As with female domestic violence victims, facing up to and admitting there is a problem is hard to go through. Denial is a huge part of the abuse. The abuser will beg them to stay, promise never to hit them again, make all kinds of promises to make the man stay and once he agrees to stay he is then stuck in the vicious cycle of stay/leave until one day it is all too much and he leaves.
You want to protect your children.
The desire to protect his children will be the biggest thing keeping him in an abusive relationship. His fear that his children will be harmed is what makes him endure what he has to in his mind to protect his children. He fears obtaining custody or even visitation rights will be something he won’t easily achieve.
Protecting yourself as an abused male
Domestic violence has a serious physical and psychological impact on all survivors of abuse. The first step is always the hardest and that is finding someone you can reach out to and ask for help, find someone you can trust such as a family member or call a domestic violence hotline, they are for all genders and not just for women as so often people believe.
Finally acknowledging there is a problem does not in any way make you a failure as a man, you are not to blame for the abuse and you are not weak, you are a lot stronger than you think.
Sharing details of the abuse will help you later for building a case against your abuser as collecting evidence will be key for you.
When dealing with your abusive partner:
Leave if possible.
You will be aware of what triggers the abuser as you have lived with it for so long, where possible leave as quickly as you can if you can’t because you fear for your children have an escape plan that includes them, or call the police, each call to the home for domestic abuse is recorded and kept, the police have a legal obligation to protect you and your children just as they would a woman in the same situation.
The abuser aims to get you to retaliate so they can say look what he did to me and get you arrested.
Get evidence of the abuse.
Keep your own records of calls to the police, take photographs of your injuries, keep a journal in a secure place often for men this will be at their place of work. Visit doctors so they can assess your injuries and themselves have a record, hospital visits will also be a way of recording your injuries and they will also advise you of support you can obtain, in serious cases they will engage with police as they have a duty of care for you.
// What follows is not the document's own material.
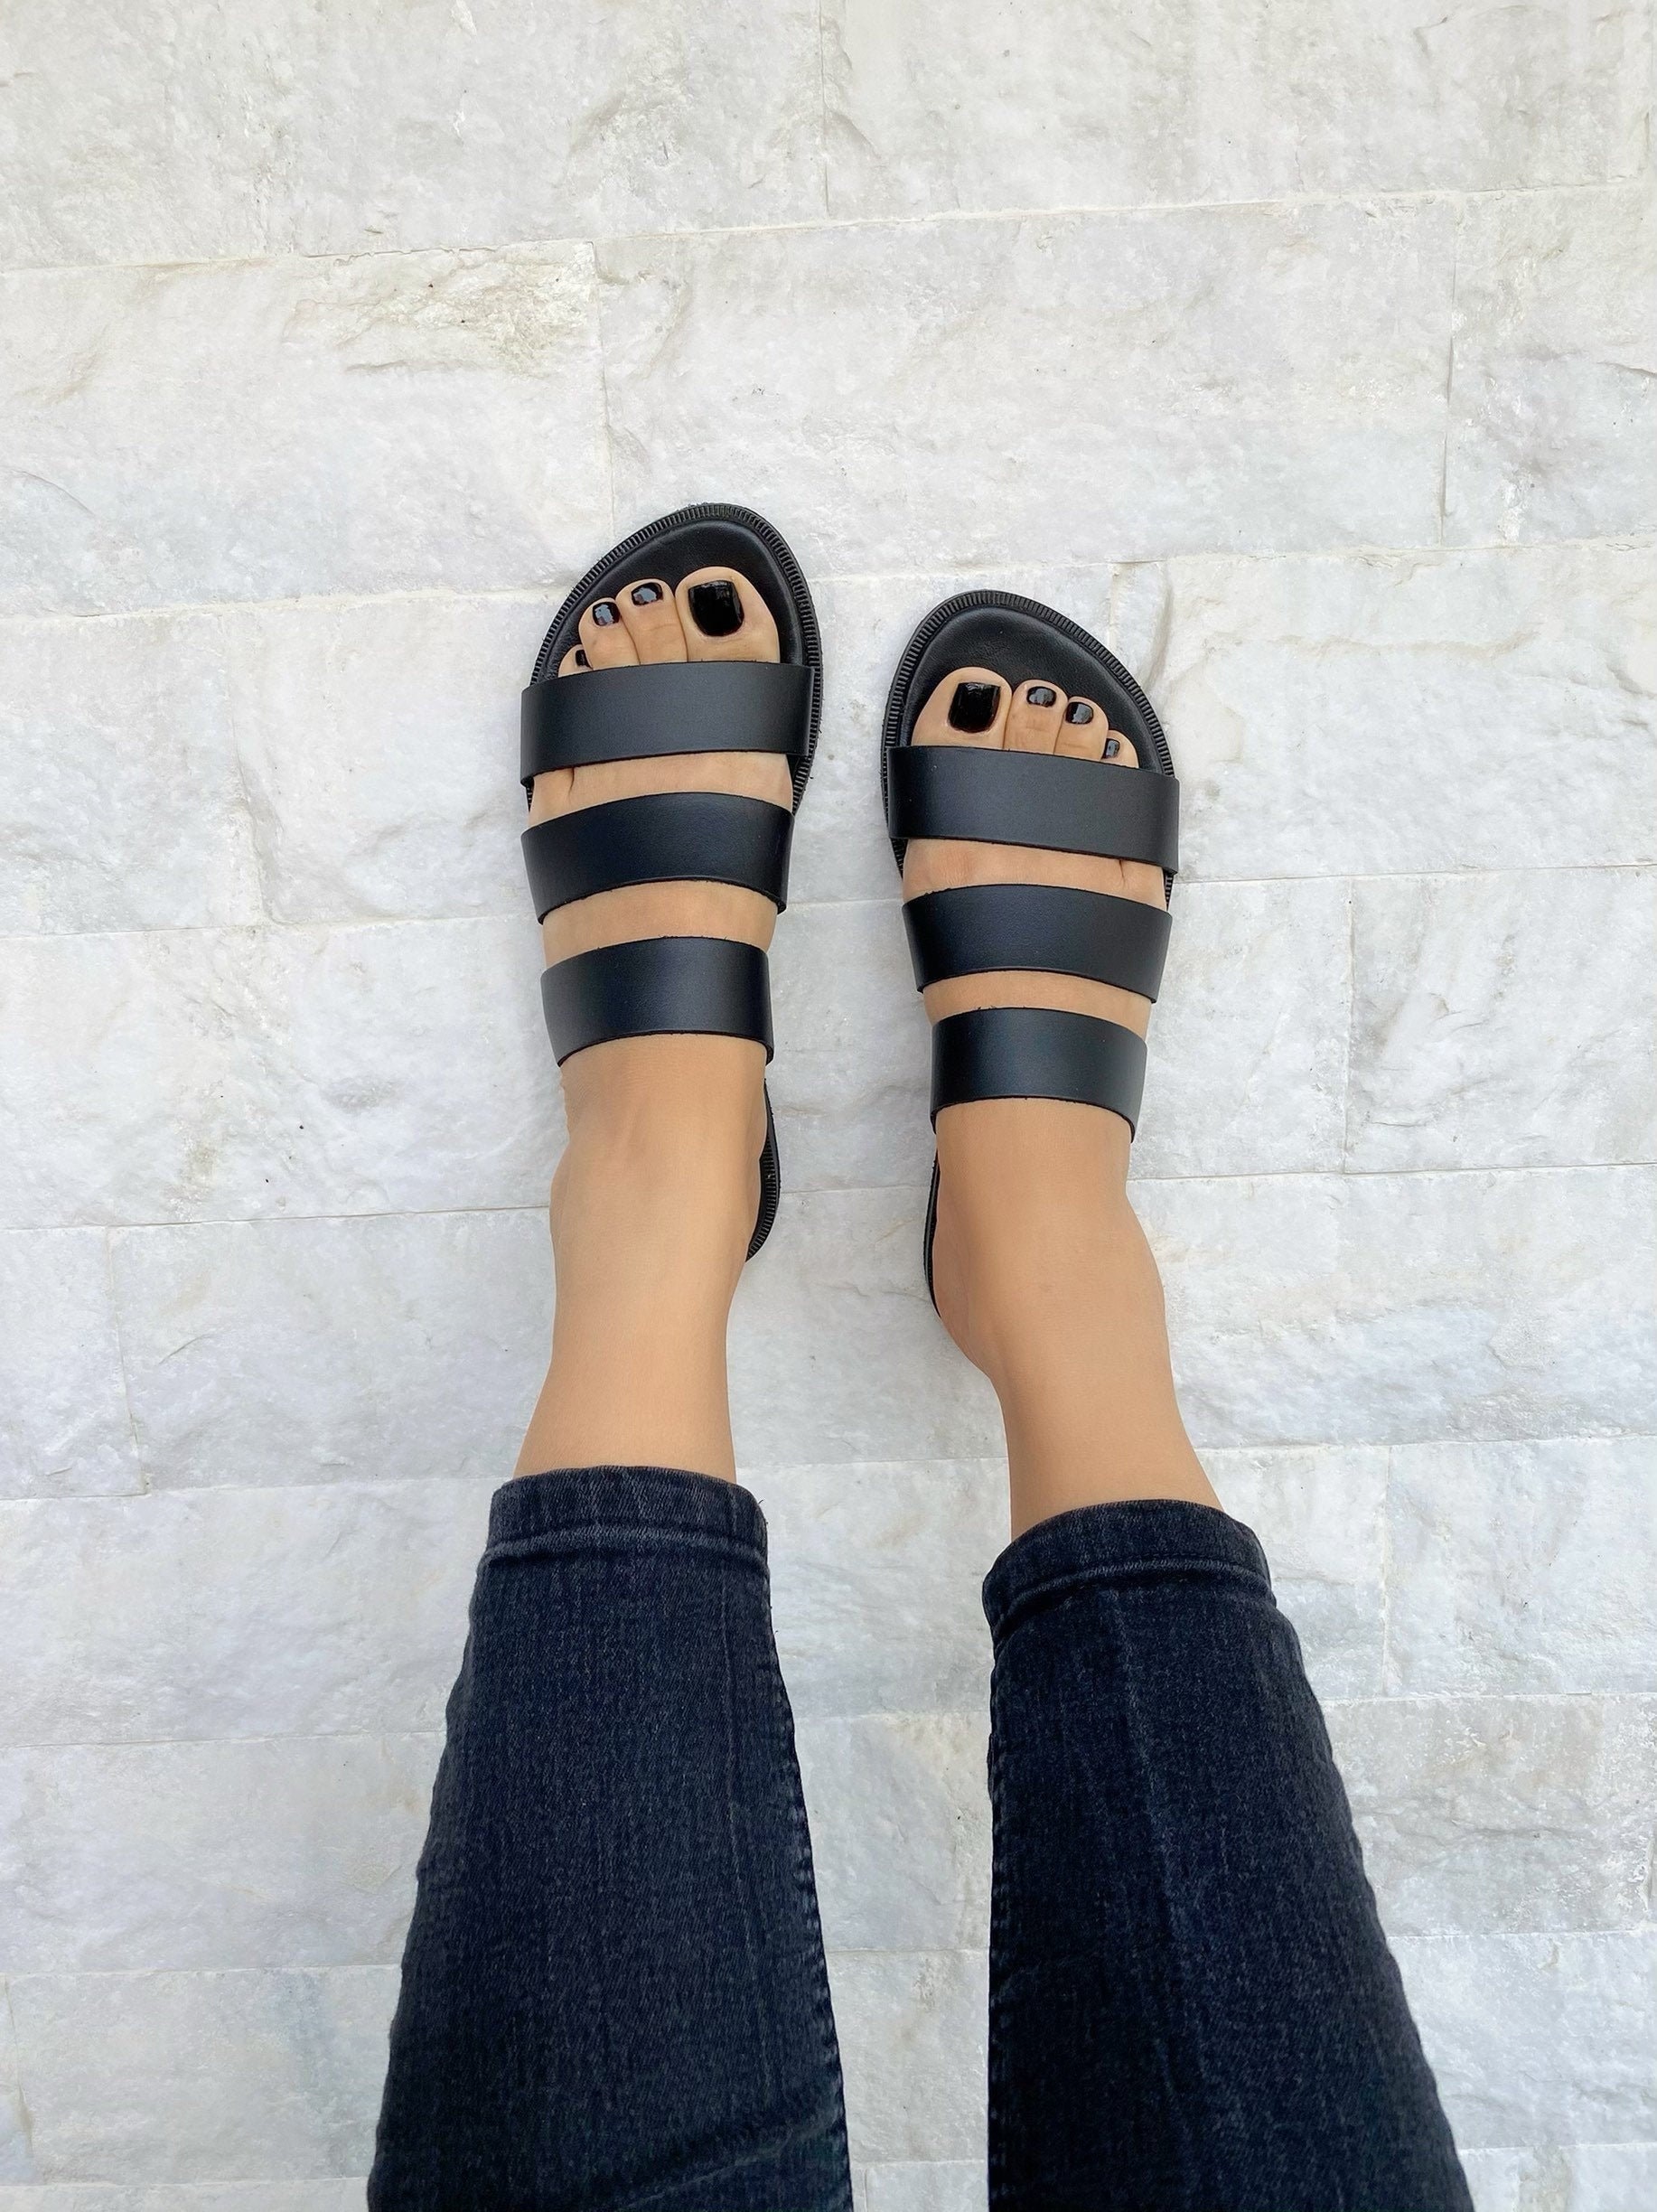 Soft Sandals Greek Leather Sandals Handmade Sandals Black | Etsy

Keep a mobile phone, evidence of the abuse, and other important documents close at hand.
Have somewhere outside the home where you can safely leave a mobile phone, important documents such as birth certificates, marriage license, passport, and driver license.
Obtain advice from a domestic violence program
These can be local to you and you will find them online, do the search outside your home so your partner doesn’t find out that you are seeking professional assistance, some abusers have been known to install keystroke software without the partner knowing.
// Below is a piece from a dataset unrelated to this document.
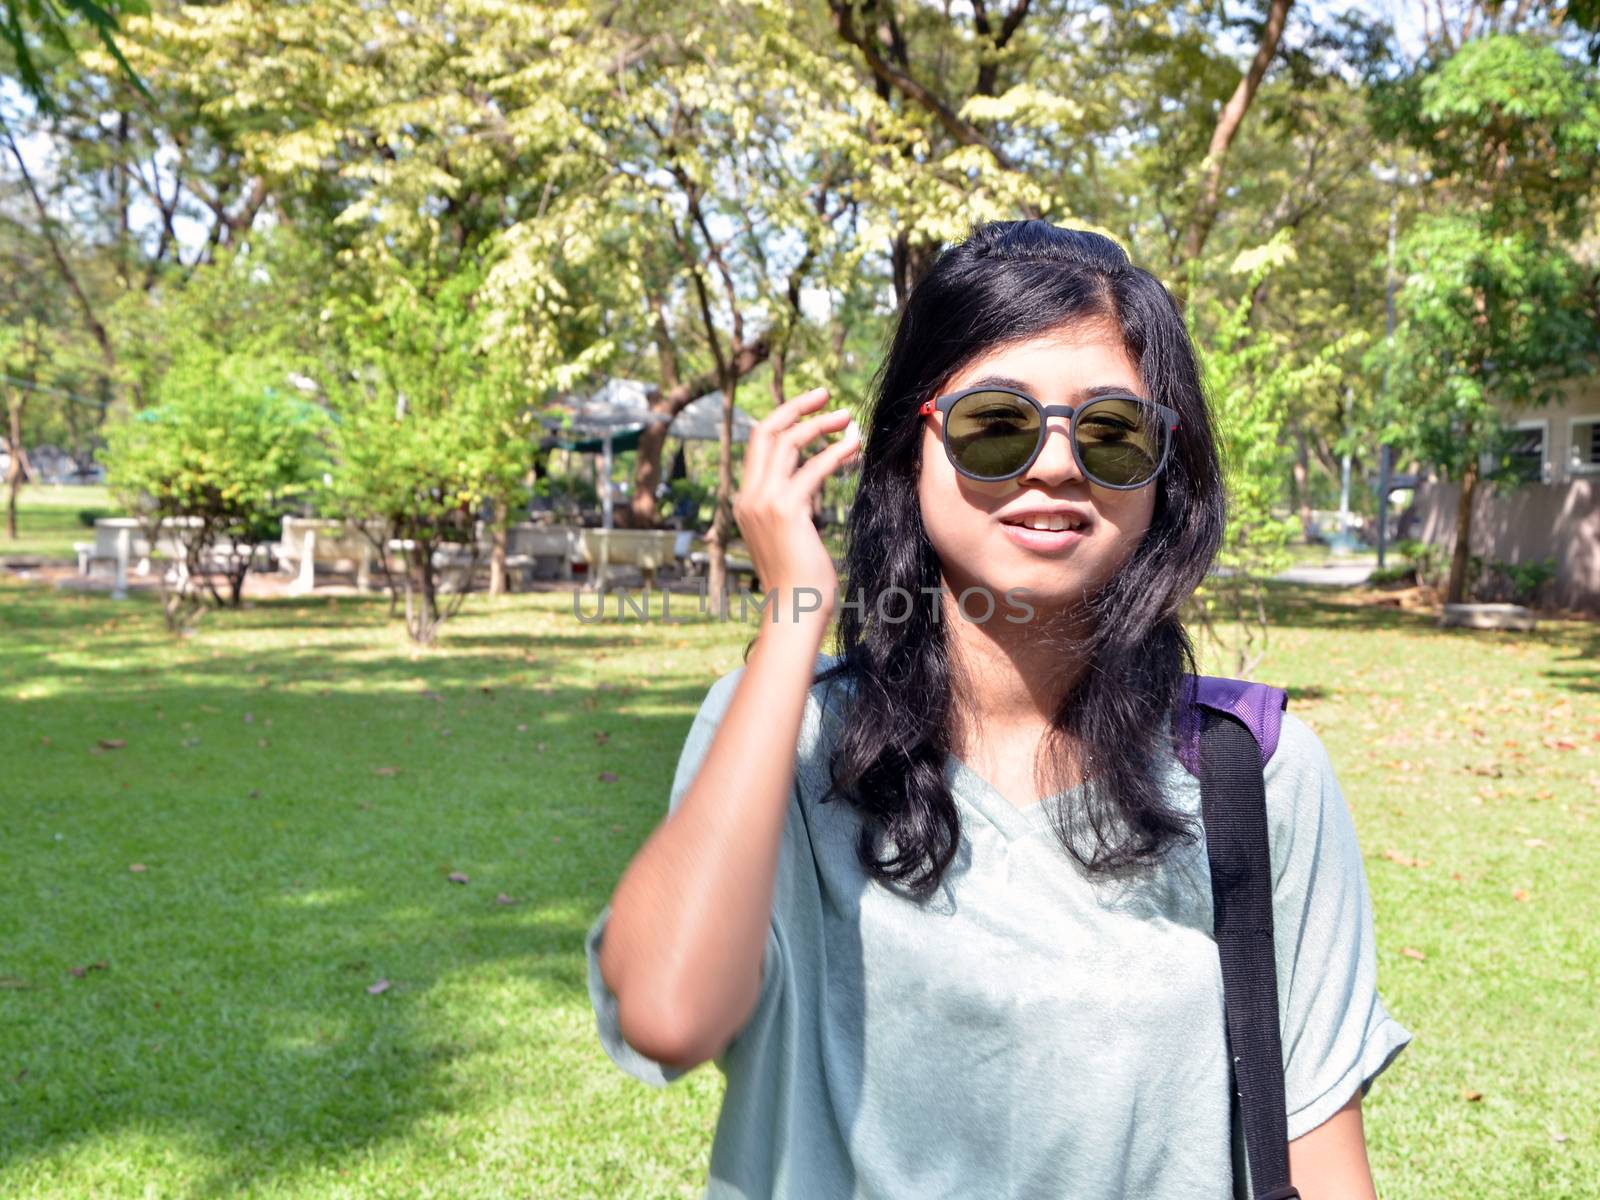 Young woman looking at camera through sunglasses by siraanamwong

Moving on from an abusive relationship
You will struggle after leaving the abusive relationship and find yourself wondering what you did wrong, the answer is you did nothing wrong, none of this is your fault.
Your emotions will be all over the place, you will find life a struggle and hard to settle into a place you feel safe. You should seek professional help and support groups during this time, but that is, of course, a personal choice.
New relationships will be daunting, a challenge or perhaps you will not want to start a new relationship at all for the time being. There are no rules for recovery from abuse, you just take one day at a time, one step at a time, you will know when you are ready.
For now, embrace your freedom and relish the fact you are now back in control of your life.